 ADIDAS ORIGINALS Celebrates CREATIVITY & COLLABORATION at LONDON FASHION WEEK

★ ★ ★

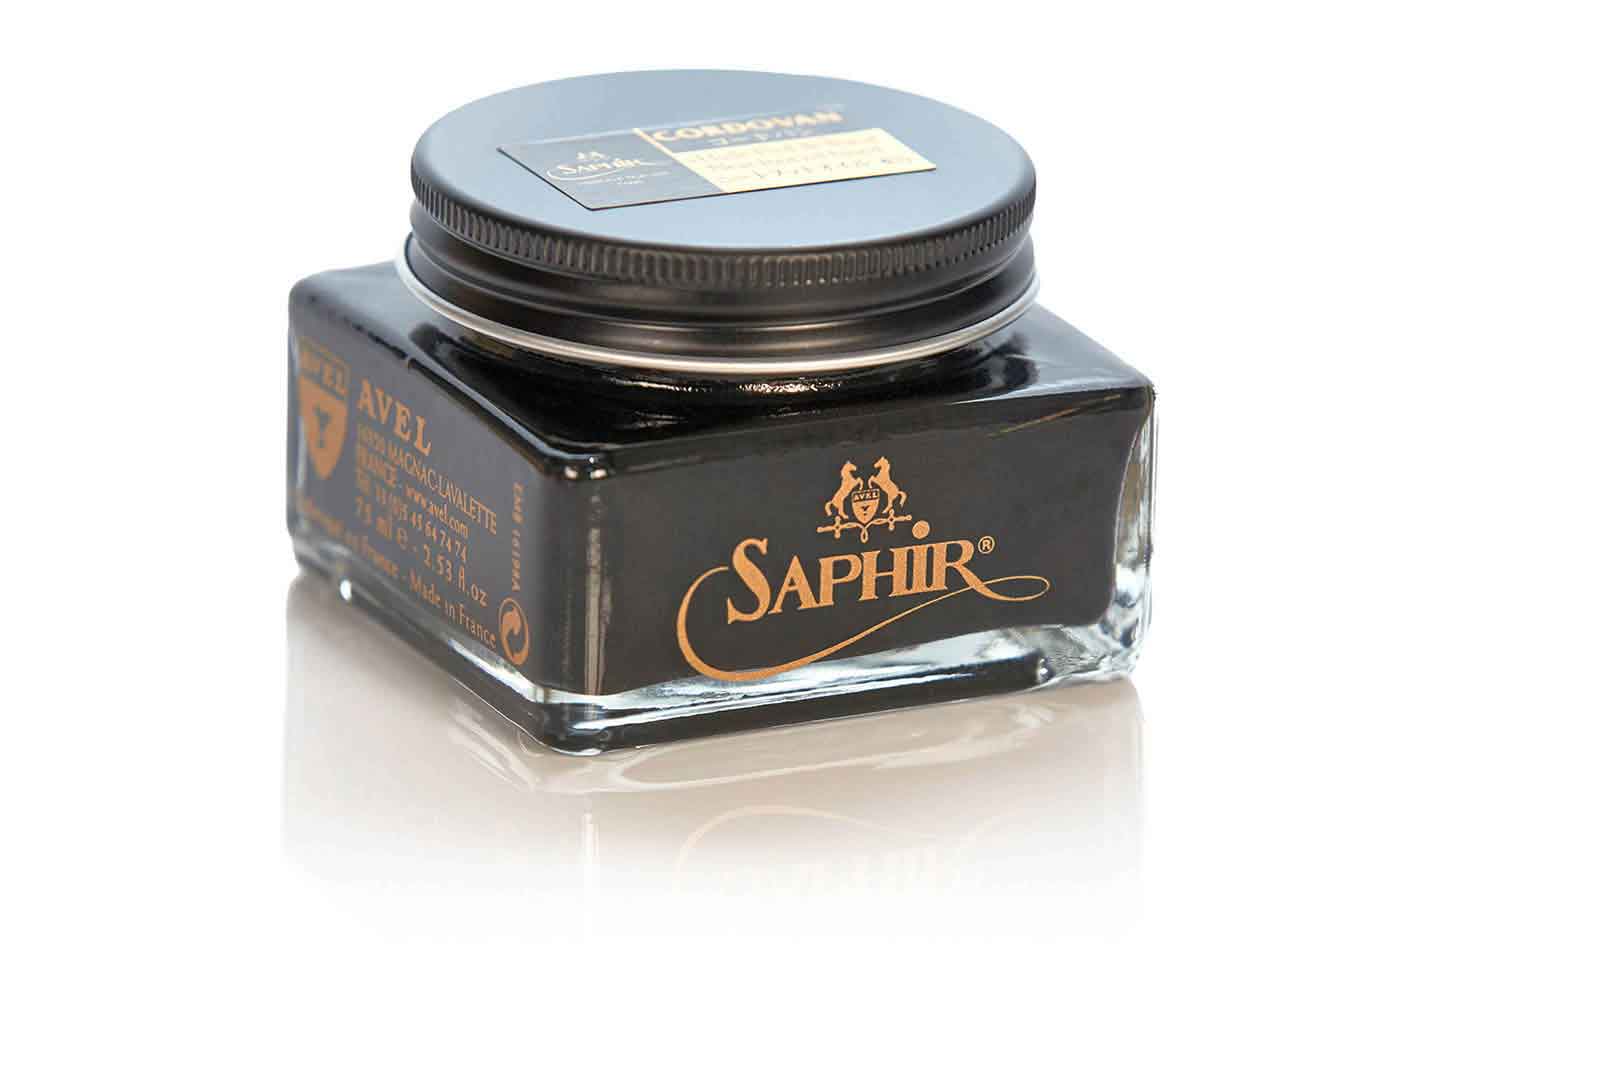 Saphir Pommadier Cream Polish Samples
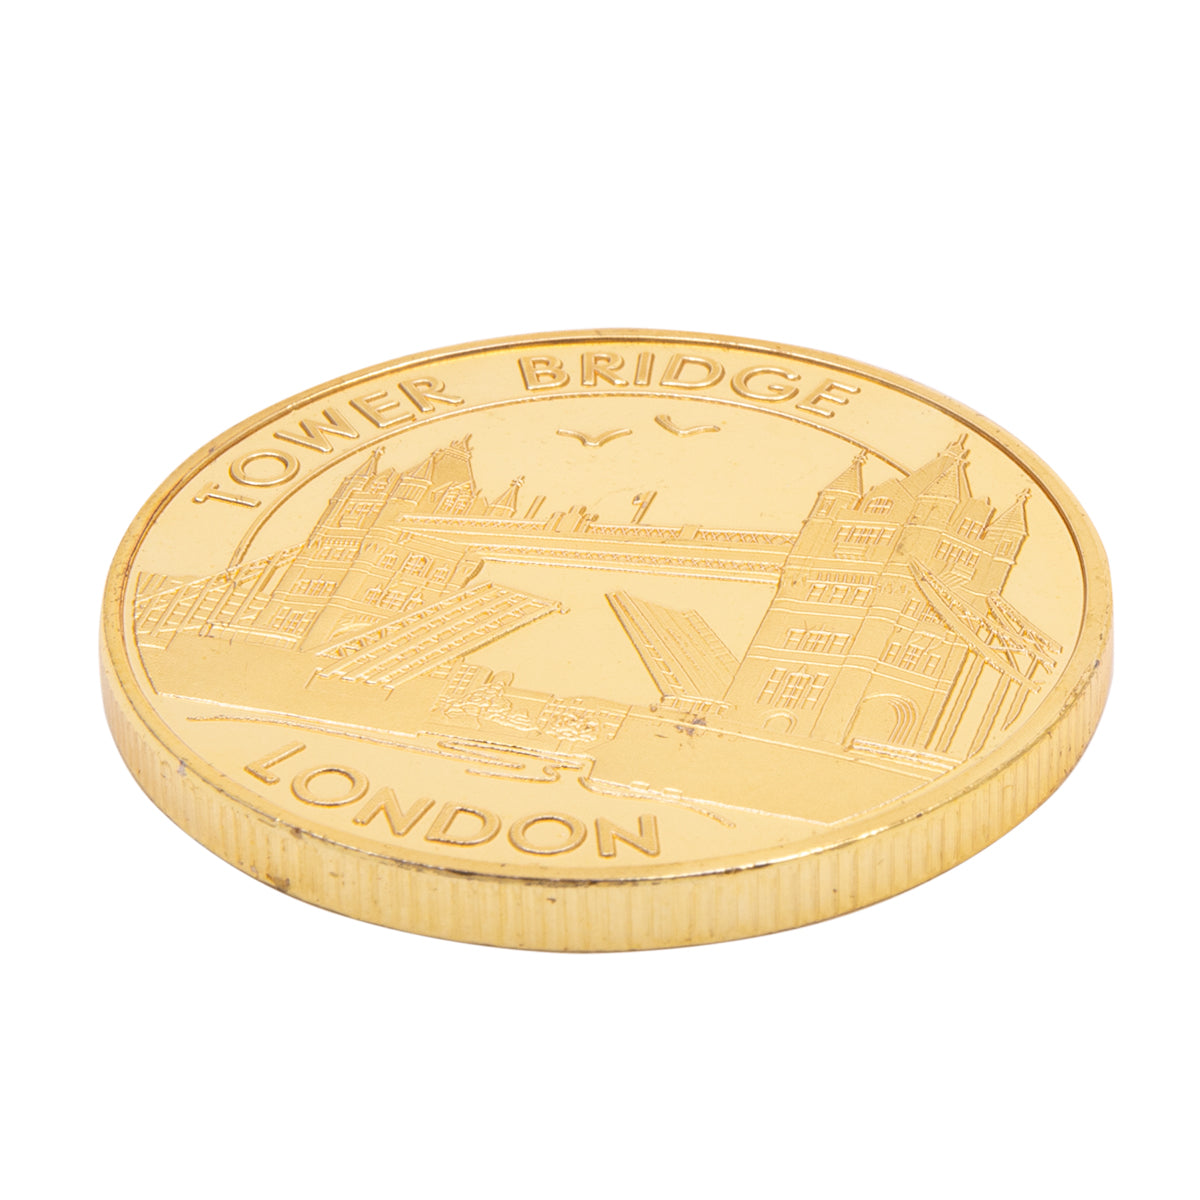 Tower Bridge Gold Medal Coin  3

★ ★ ★

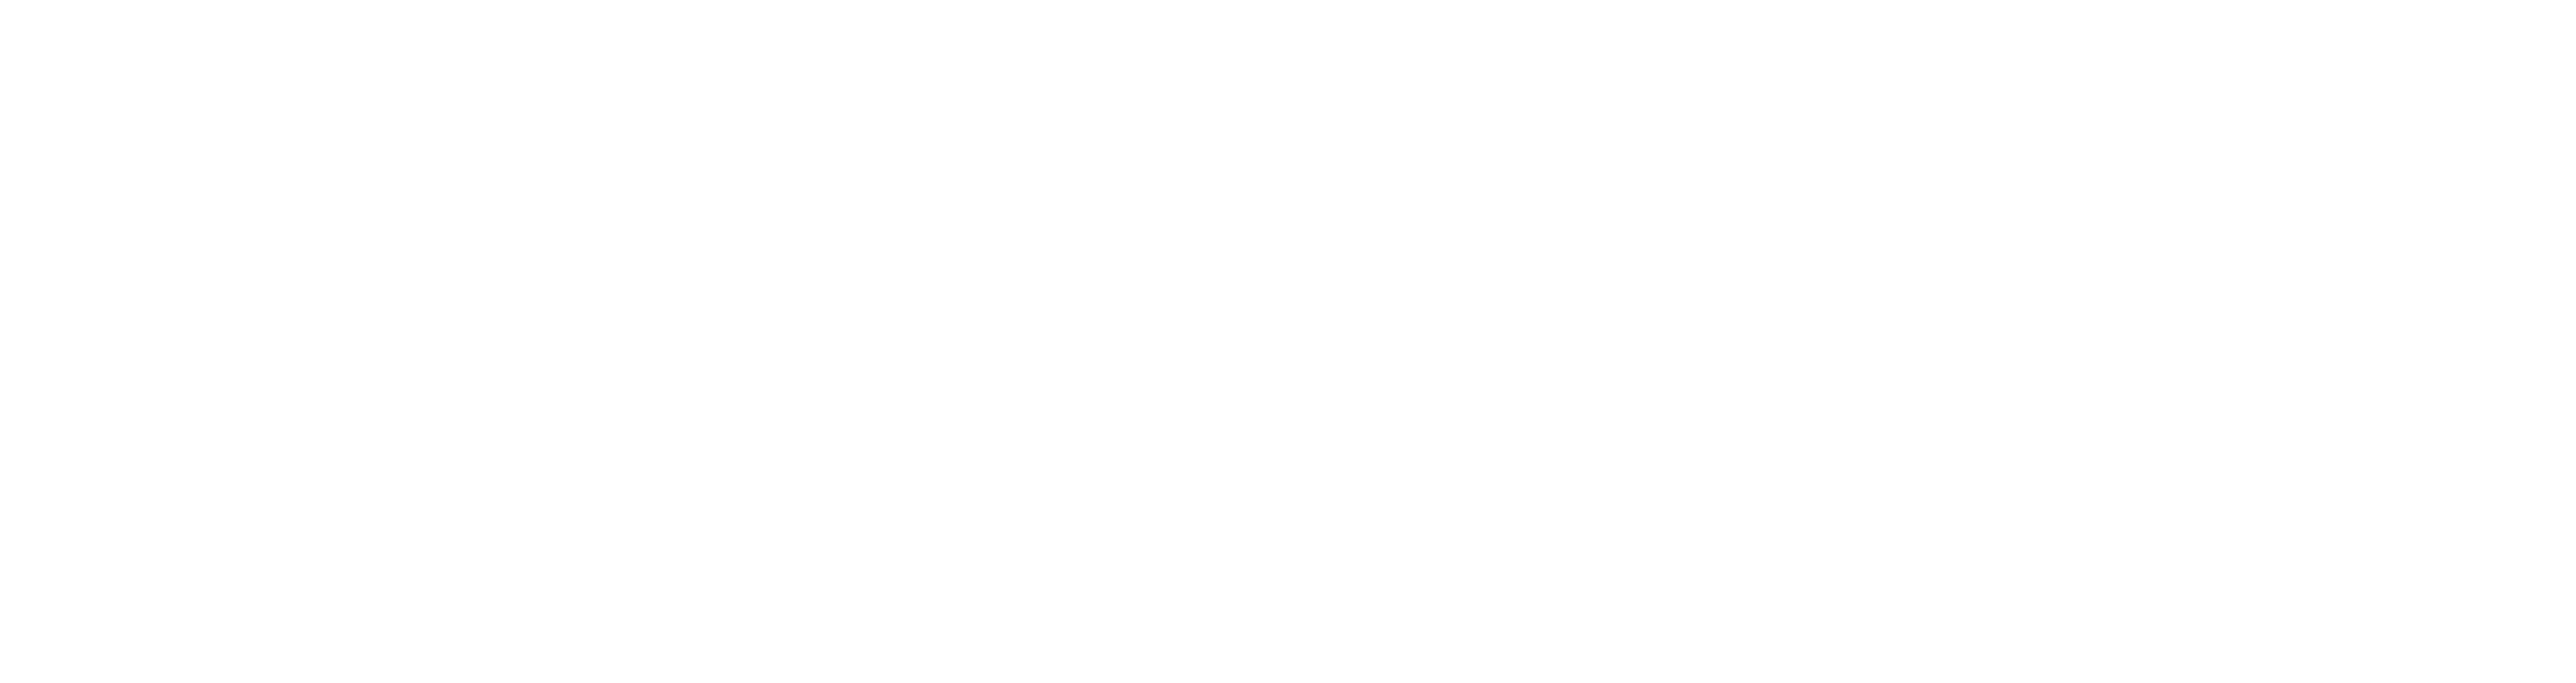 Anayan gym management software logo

★ ★ ★

Starting from the line with "Saphir Pommadier Cream Polish Samples" in the records above, repeat each line exactly until you have written the line with "Tower Bridge Gold", then stop; drop the pictures.

#### SOLUTION:
 Saphir Pommadier Cream Polish Samples
 Tower Bridge Gold Medal Coin  3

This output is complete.